NAME

exoniphy - Prediction of evolutionarily conserved protein-coding exons using Required argument <msa_fname> must be a multiple alignment file, in one of several possible formats (see --msa-format).

DESCRIPTION

Prediction of evolutionarily conserved protein-coding exons using a phylogenetic hidden Markov model (phylo-HMM). By default, a model definition and model parameters are used that are appropriate for exon prediction in human DNA, based on human/mouse/rat alignments and a 60-state HMM. Using the --hmm, --tree-models, and --catmap options, however, it is possible to define alternative phylo-HMMs, e.g., for different sets of species and different phylogenies, or for prediction of exon pairs or complete gene structures.

OPTIONS

: (Model definition and model parameters)

--hmm, -H <fname>

: Name of HMM file defining states and transition probabilities. By default, the 60-state HMM described in Siepel & Haussler (2004) is used, with transition probabilities appropriate for mammalian genomes (estimated as described in that paper).

--tree-models, -m <fname_list> List of tree model (*.mod) files, one for each state in the HMM. Order of models must correspond to order of states in HMM file. By default, a set of models appropriate for human, mouse, and rat are used (estimated as described in Siepel & Haussler, 2004).

--catmap, -c <fname>|<string>

Mapping of feature types to category numbers.: Can give either

: a filename or an "inline" description of a simple category map, e.g., --catmap "NCATS = 3 ; CDS 1-3". By default, a category map is used that is appropriate for the 60-state HMM mentioned above.

--extrapolate, -e <phylog.nh> | default Extrapolate to a larger set of species based on the given phylogeny (Newick-format). The trees in the given tree models (*.mod files) must be subtrees of the larger phylogeny.
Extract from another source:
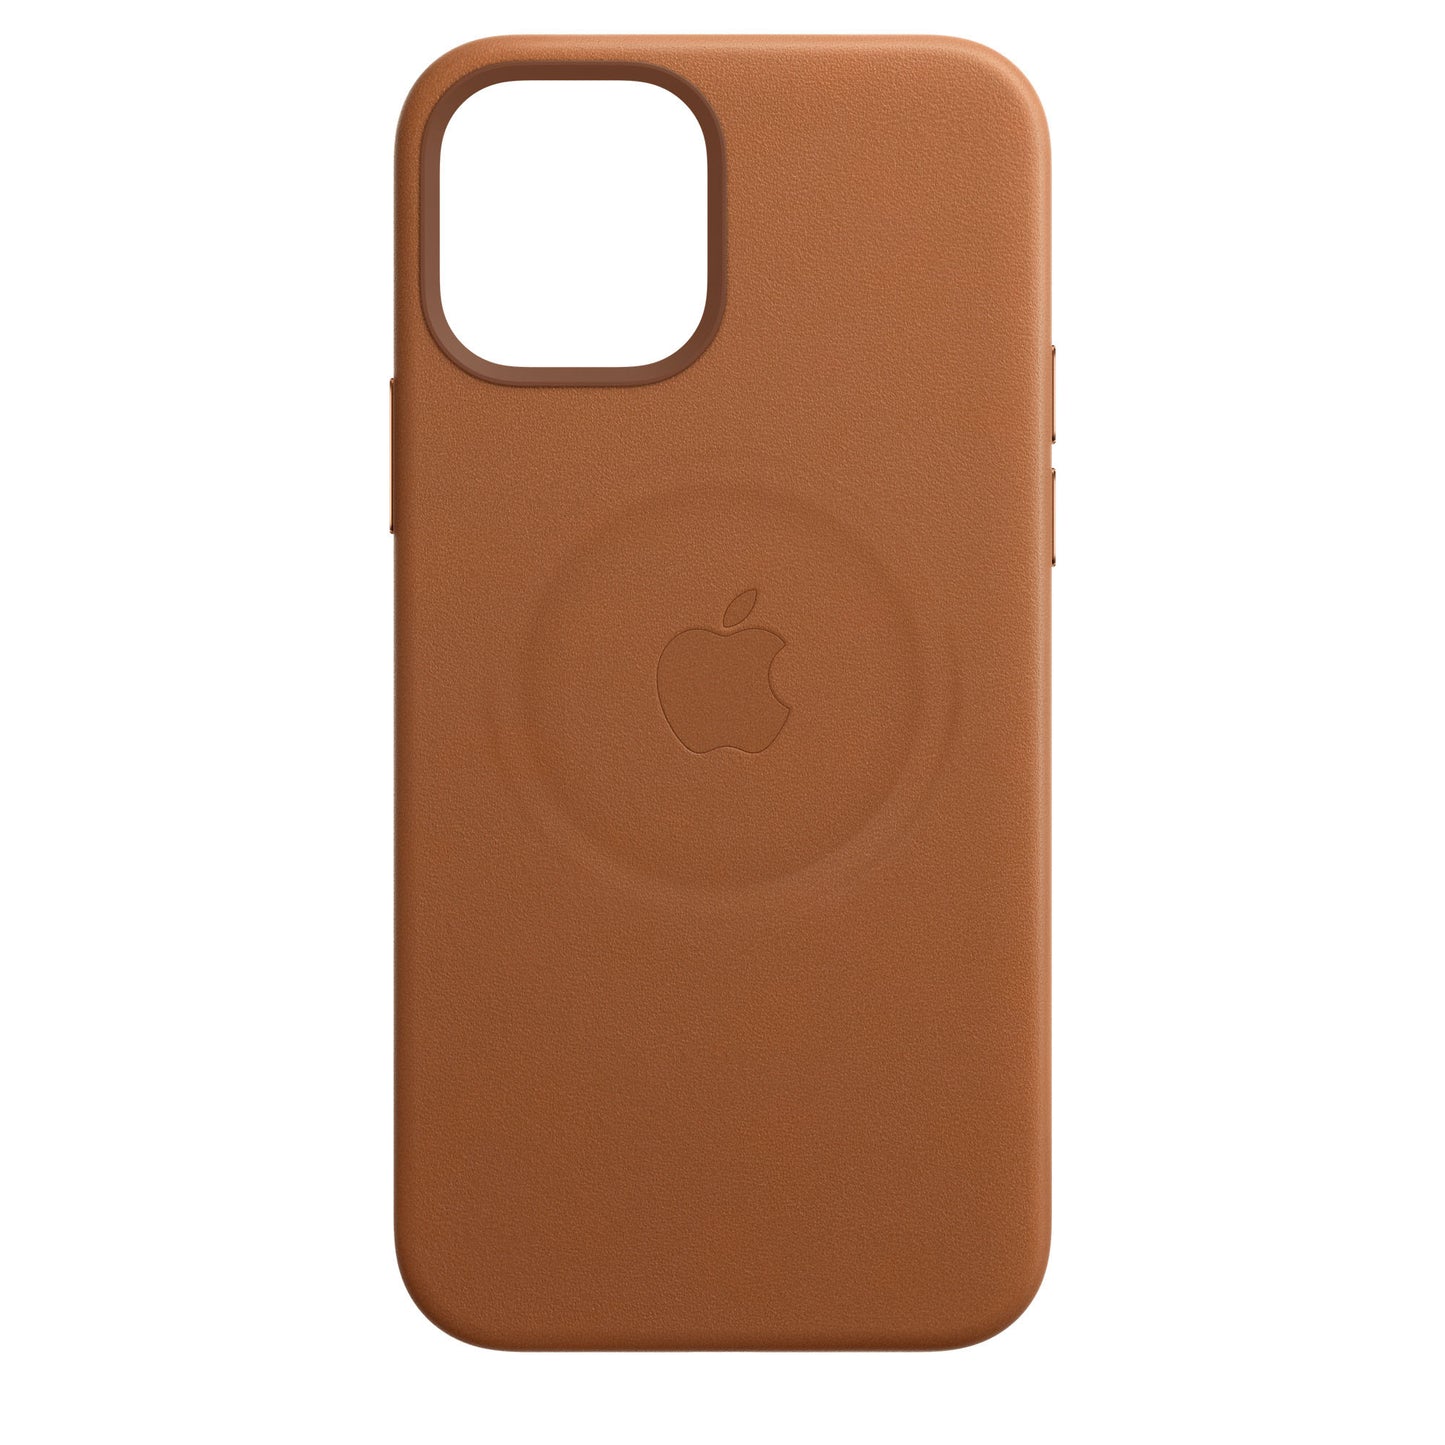 iPhone 12 mini Leather Case with MagSafe - Saddle Brown

For each tree model M, a copy will be created of the larger phylogeny, then scaled such that the total branch length of the subtree corresponding to M's tree equals the total branch length of M's tree; this new version will then be used in place of M's tree. (Any species name present in this tree but not in the data will be ignored.) If the string "default" is given instead of a filename, then a phylogeny for 25 vertebrate species, estimated from sequence data for Target 1 (CFTR) of the NISC Comparative Sequencing Program (Thomas et al., 2003), will be assumed.

--data-path, -D <path>

: Path to the directory with phast data. Exoniphy default models should be in <path>/exoniphy/. Default is set at compile time.
: (Input and output)

--msa-format, -i FASTA|PHYLIP|MPM|MAF|SS

File format of input alignment.: Default is to guess alignment

: format from file contents.

--score, -S Report log-odds scores for predictions, equal to their log total probability under an exon model minus their log total probability under a background model. The exon model can be altered using --cds-types and --signal-types and the background model can be altered using --backgd-types (see below).

--seqname, -s <name>

: Use specified string as "seqname" field in GFF output. Default is obtained from input file name (double filename root, e.g., "chr22" if input file is "chr22.35.ss").

--idpref, -p <name>

: Use specified string as prefix of generated ids in GFF output. Can be used to ensure ids are unique. Default is obtained from input file name (single filename root, e.g., "chr22.35" if input file is "chr22.35.ss").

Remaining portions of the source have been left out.